(Records supplied)

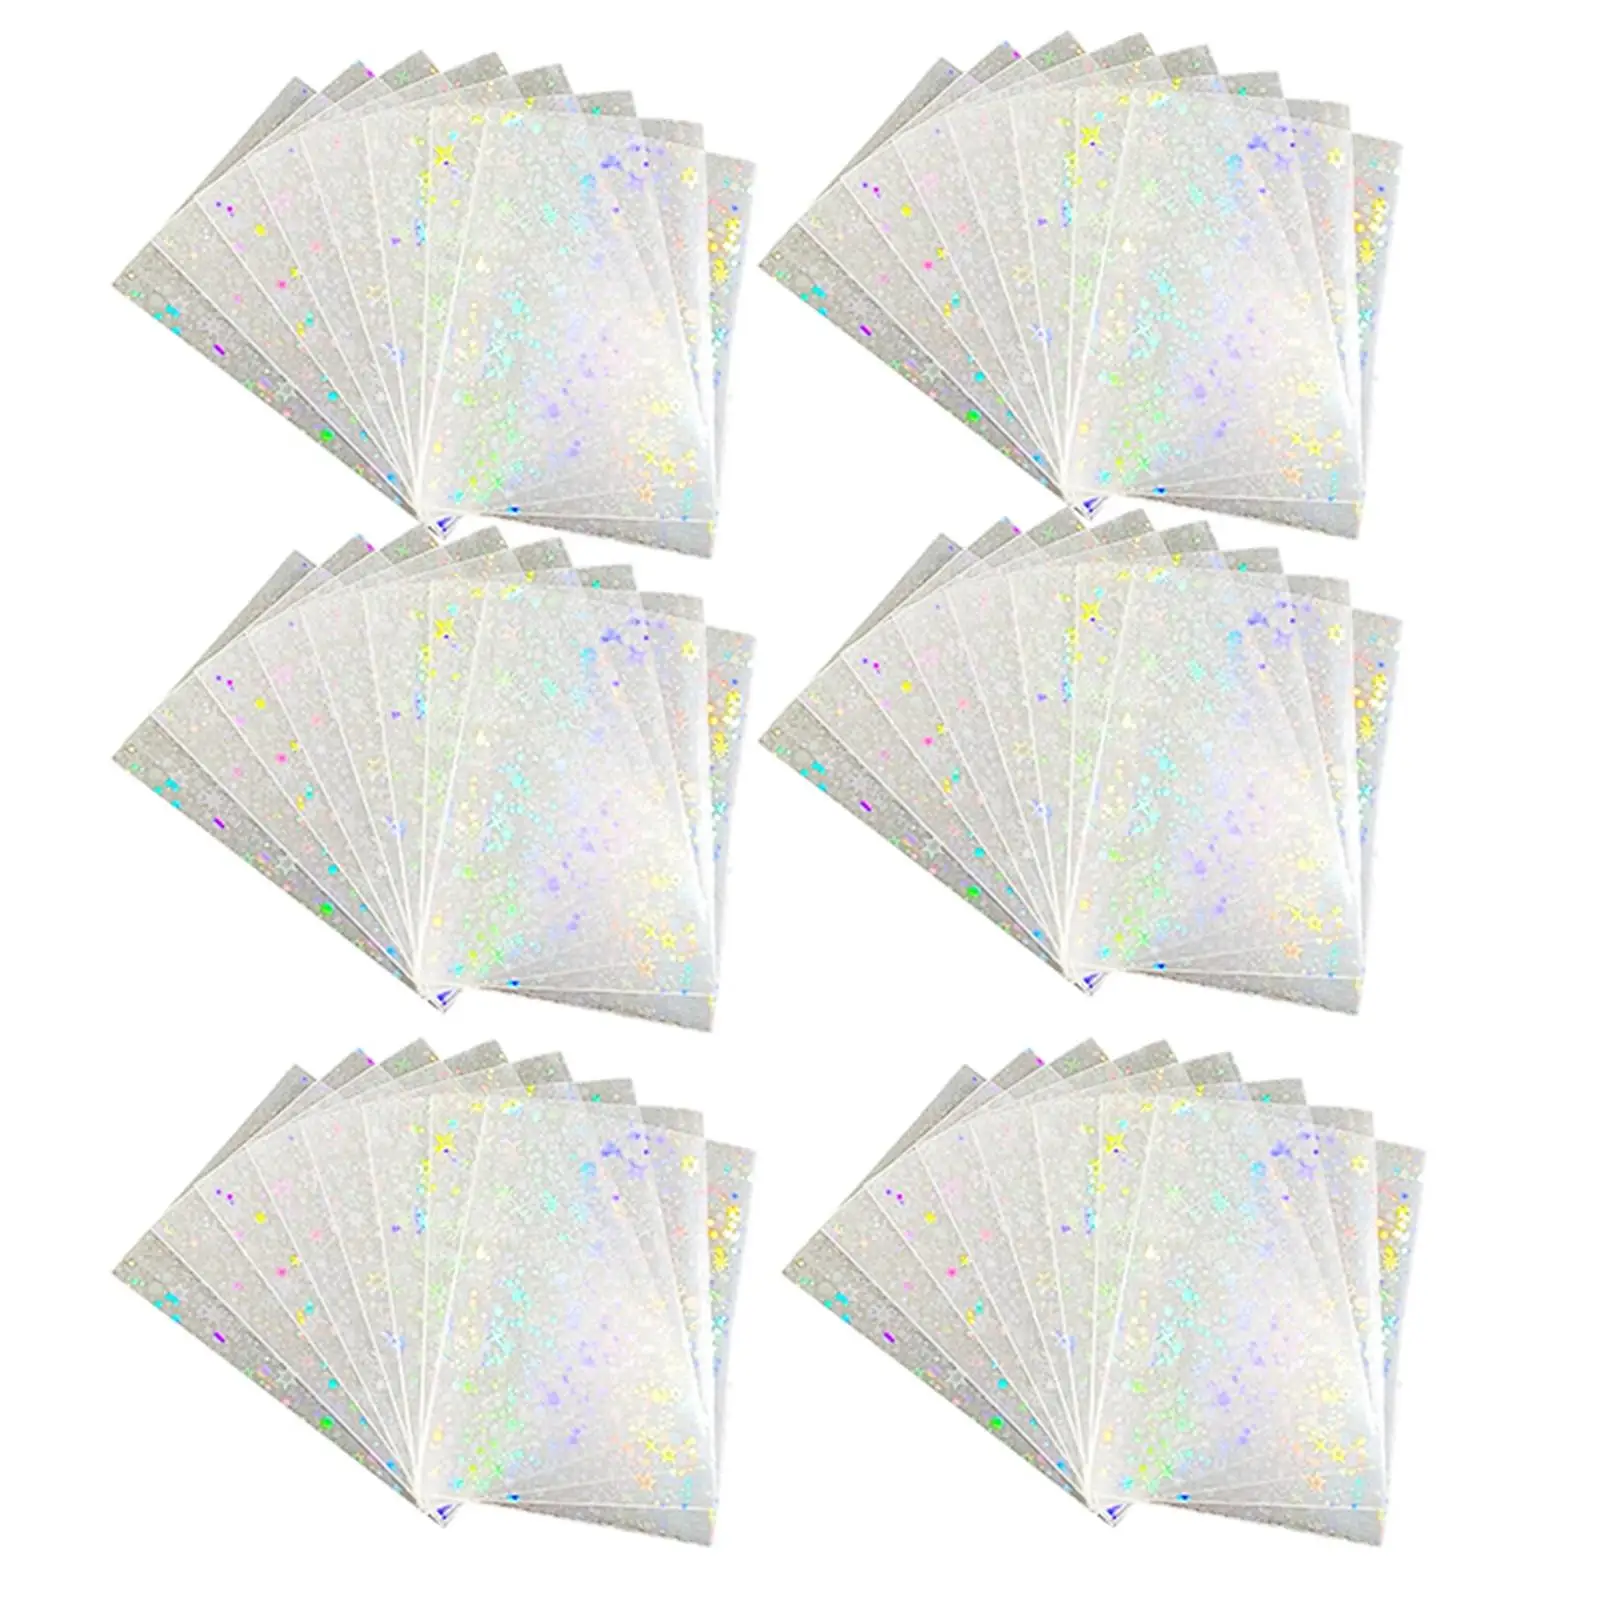 50 Pieces Holographic Card Sleeve Stardard Size Card Cover Game Card Sleeves Card Protective Holder Trading Card Cover
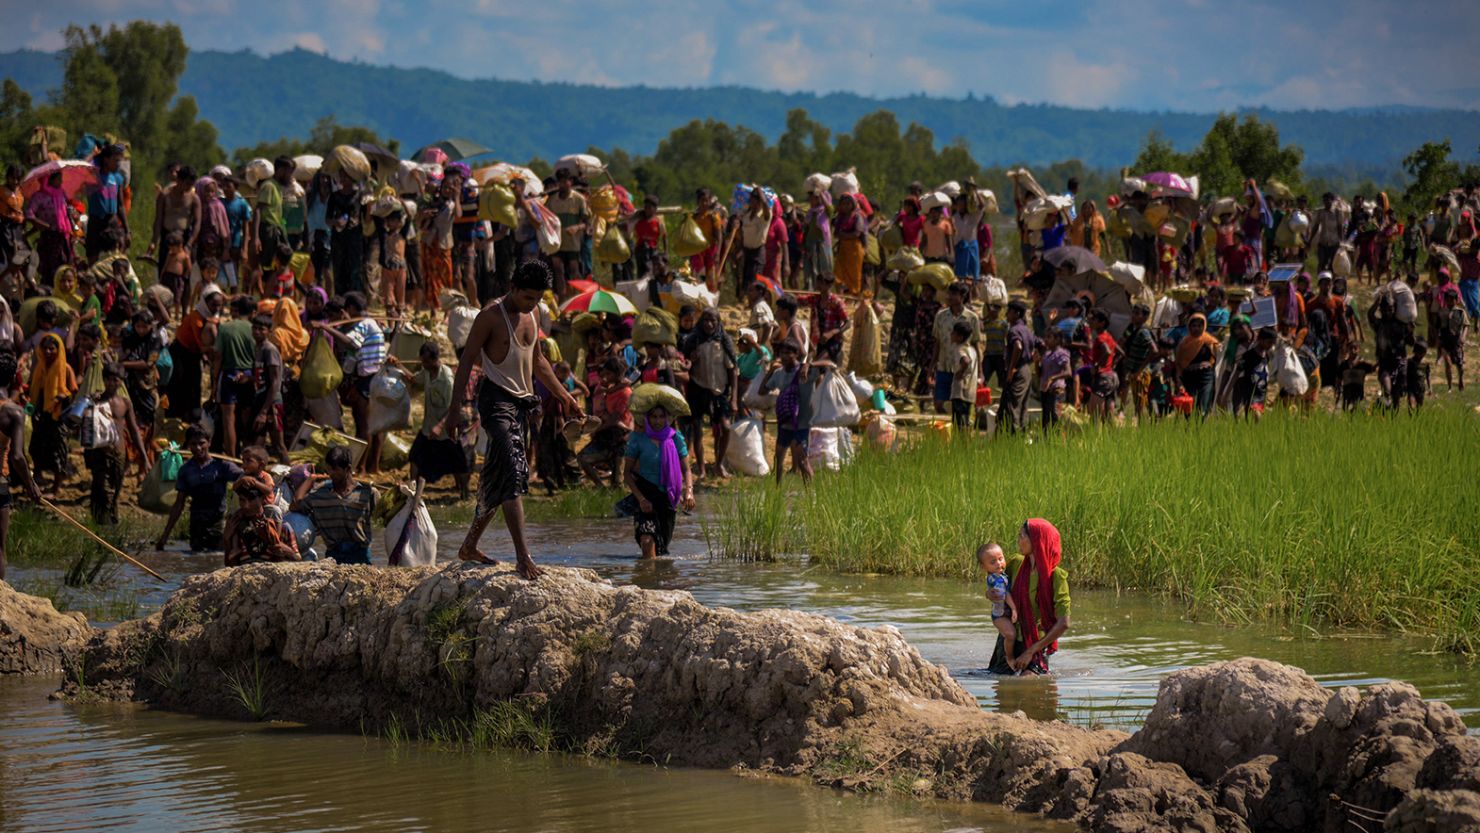 Rohingya refugees, fleeing military operations in Myanmar's Rakhine state, try to cross the border in Palongkhalii of Cox's Bazar, Bangladesh on October 16, 2017. 
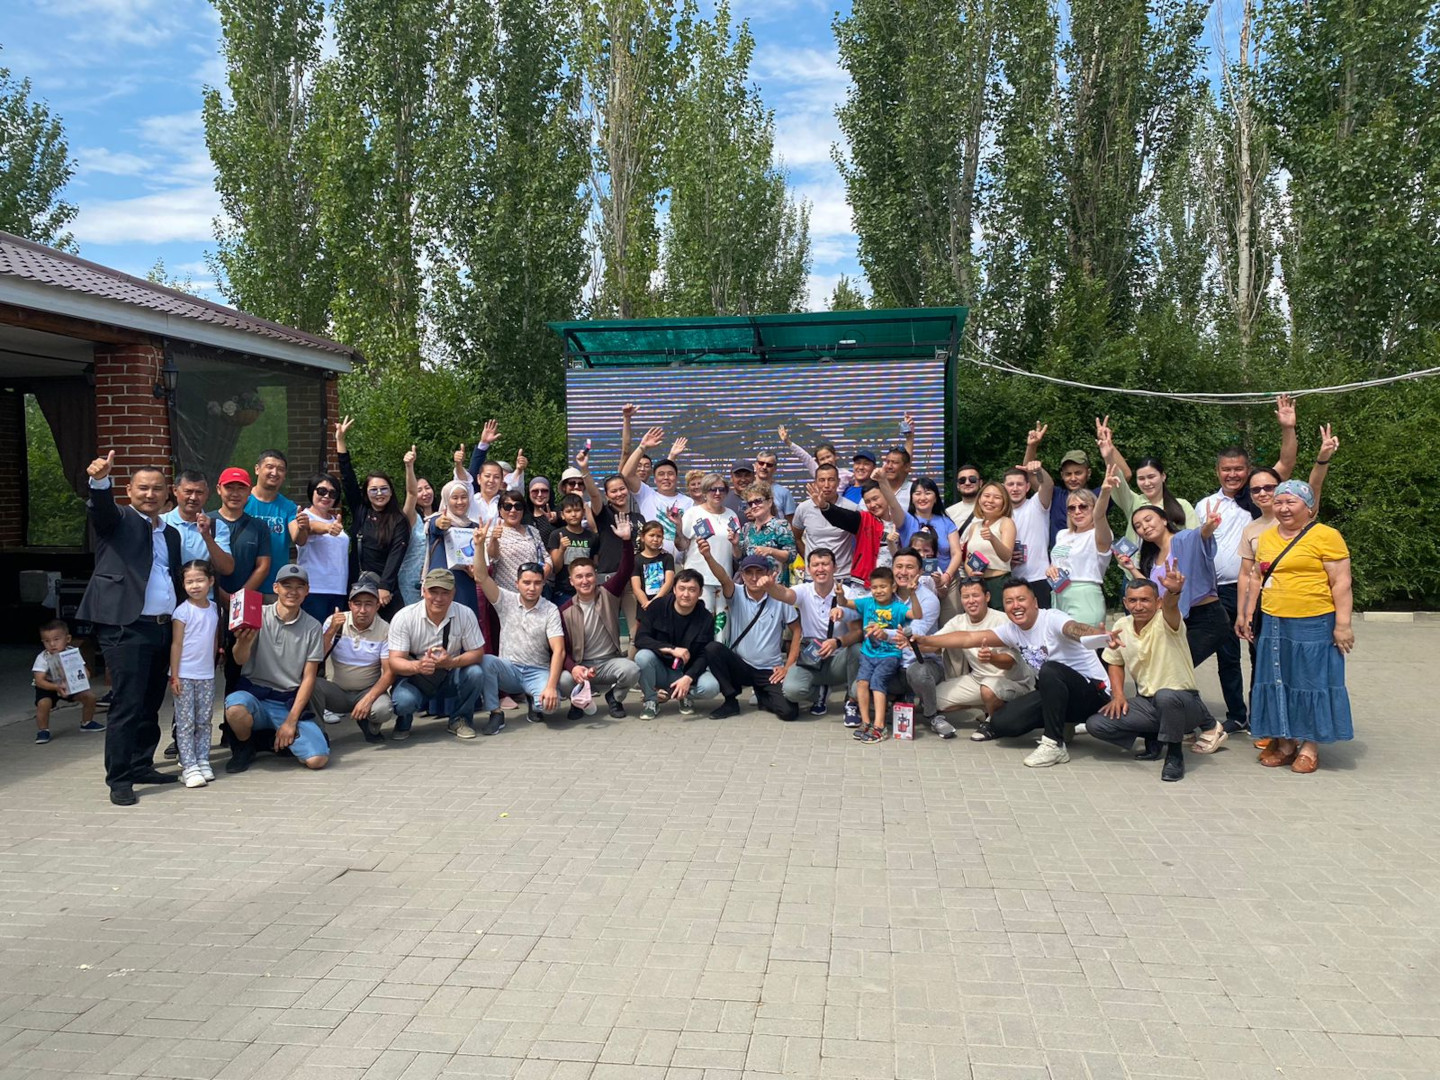 Aktobe Rail and Section Works LLP on the eve of professional holiday Metallurgist Day, celebrated its 10th anniversary at recreation center Zhety Kazyna.
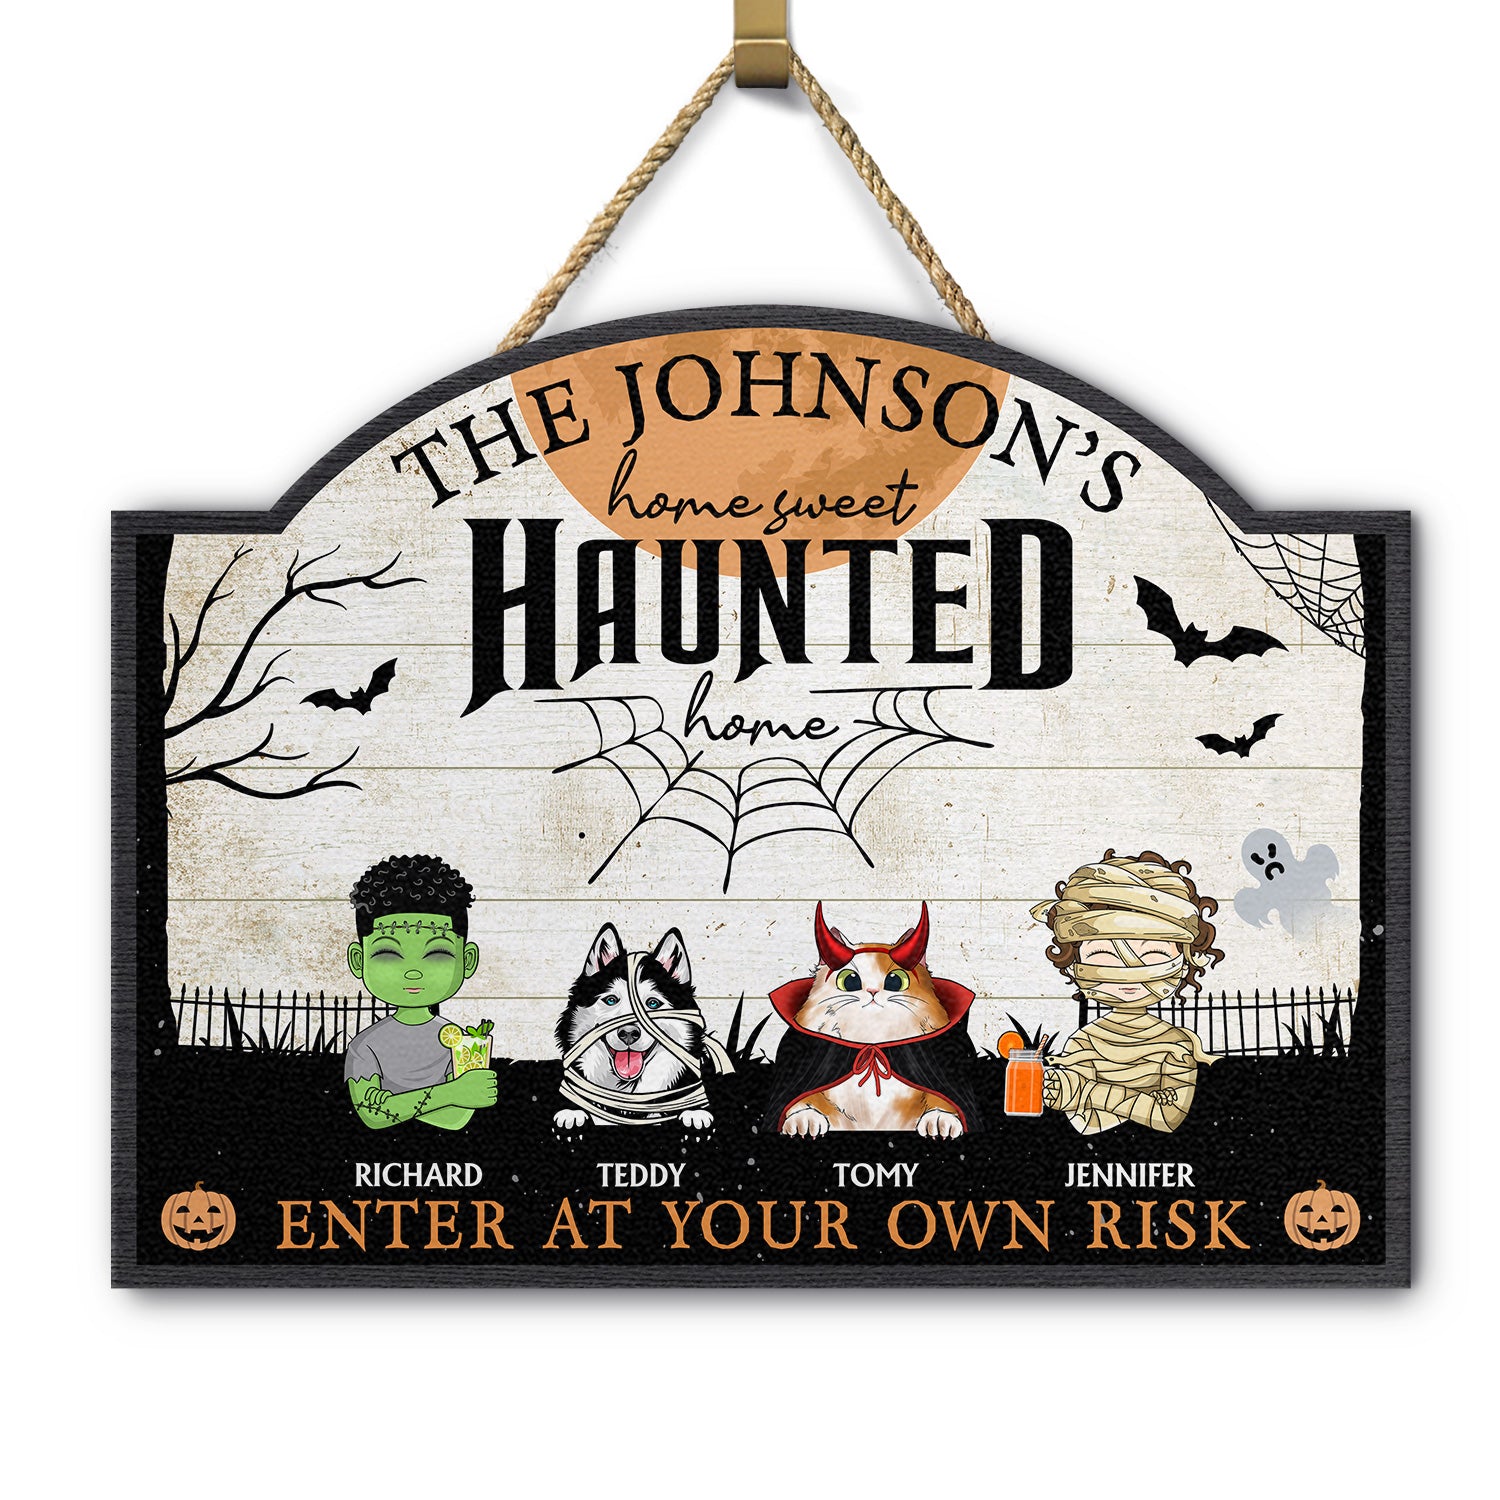 Home Haunted Home Enter At Your Own Risk Kid & Pet - Halloween, Birthday, Home Warming, Funny Gift For Family With Dog, Cat - Personalized Custom Shaped Wood Sign
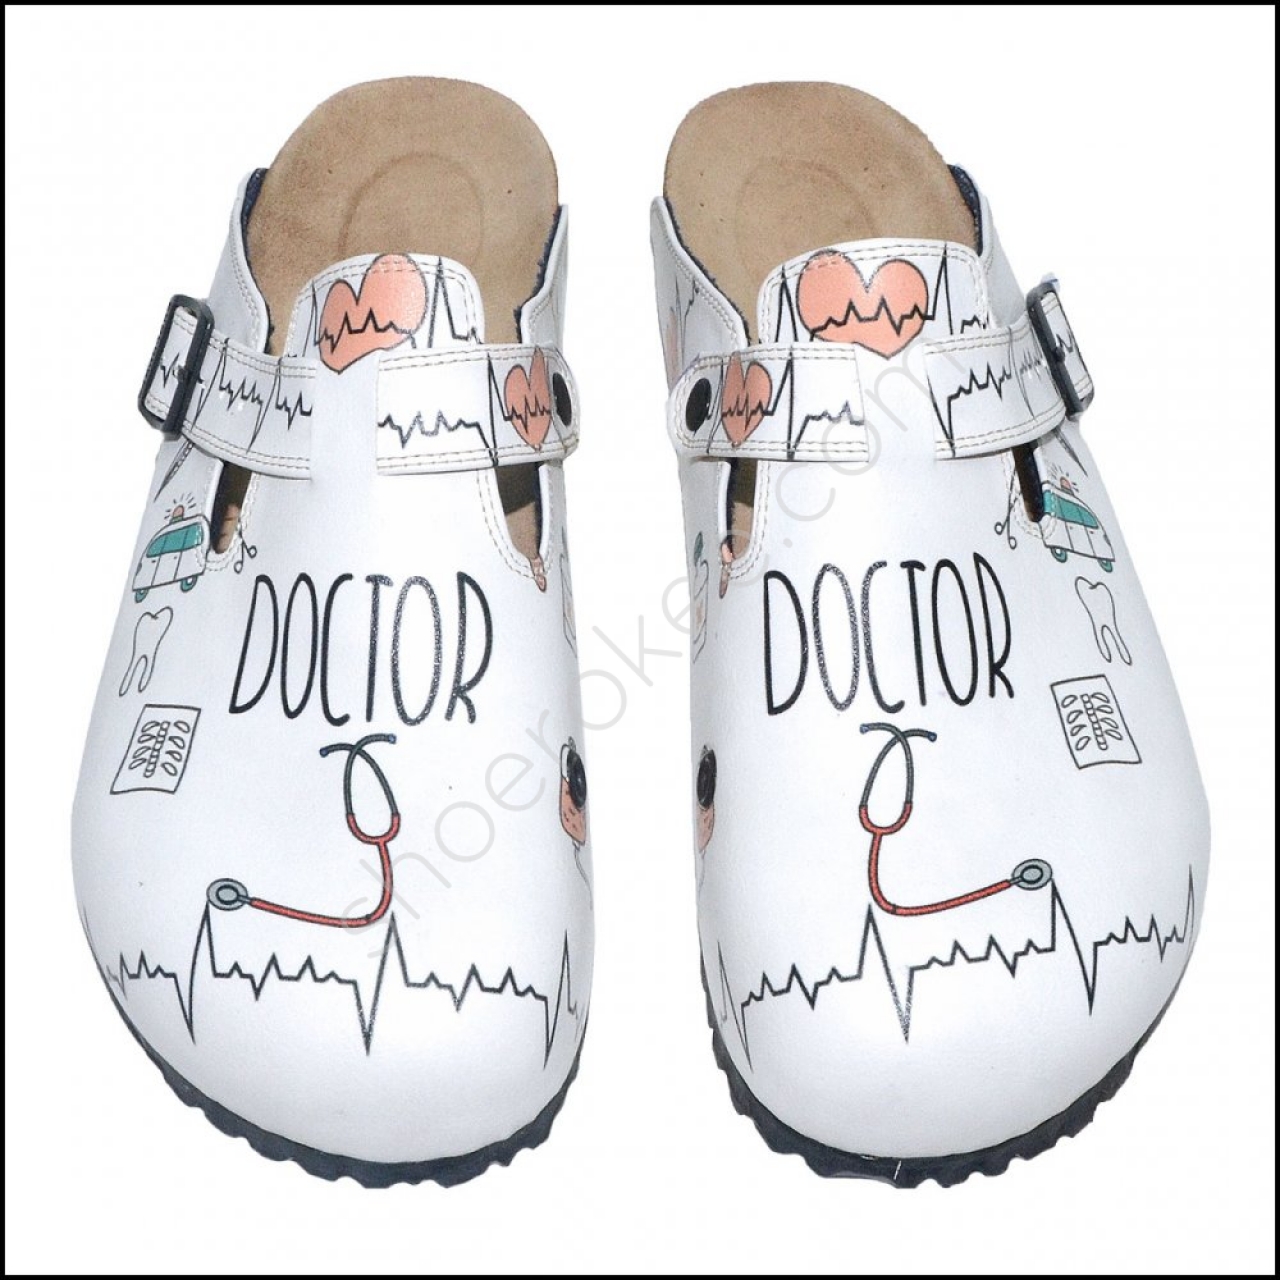 DOCTOR_2

(End Records supplied)

** Exercise details **
Every entry in the listing is to be duplicated precisely, except for its pictures.

** Answer space **
 50 Pieces Holographic Card Sleeve Stardard Size Card Cover Game Card Sleeves Card Protective Holder Trading Card Cover
 Rohingya refugees, fleeing military operations in Myanmar's Rakhine state, try to cross the border in Palongkhalii of Cox's Bazar, Bangladesh on October 16, 2017. 
 Aktobe Rail and Section Works LLP on the eve of professional holiday Metallurgist Day, celebrated its 10th anniversary at recreation center Zhety Kazyna.
 Home Haunted Home Enter At Your Own Risk Kid & Pet - Halloween, Birthday, Home Warming, Funny Gift For Family With Dog, Cat - Personalized Custom Shaped Wood Sign
 DOCTOR_2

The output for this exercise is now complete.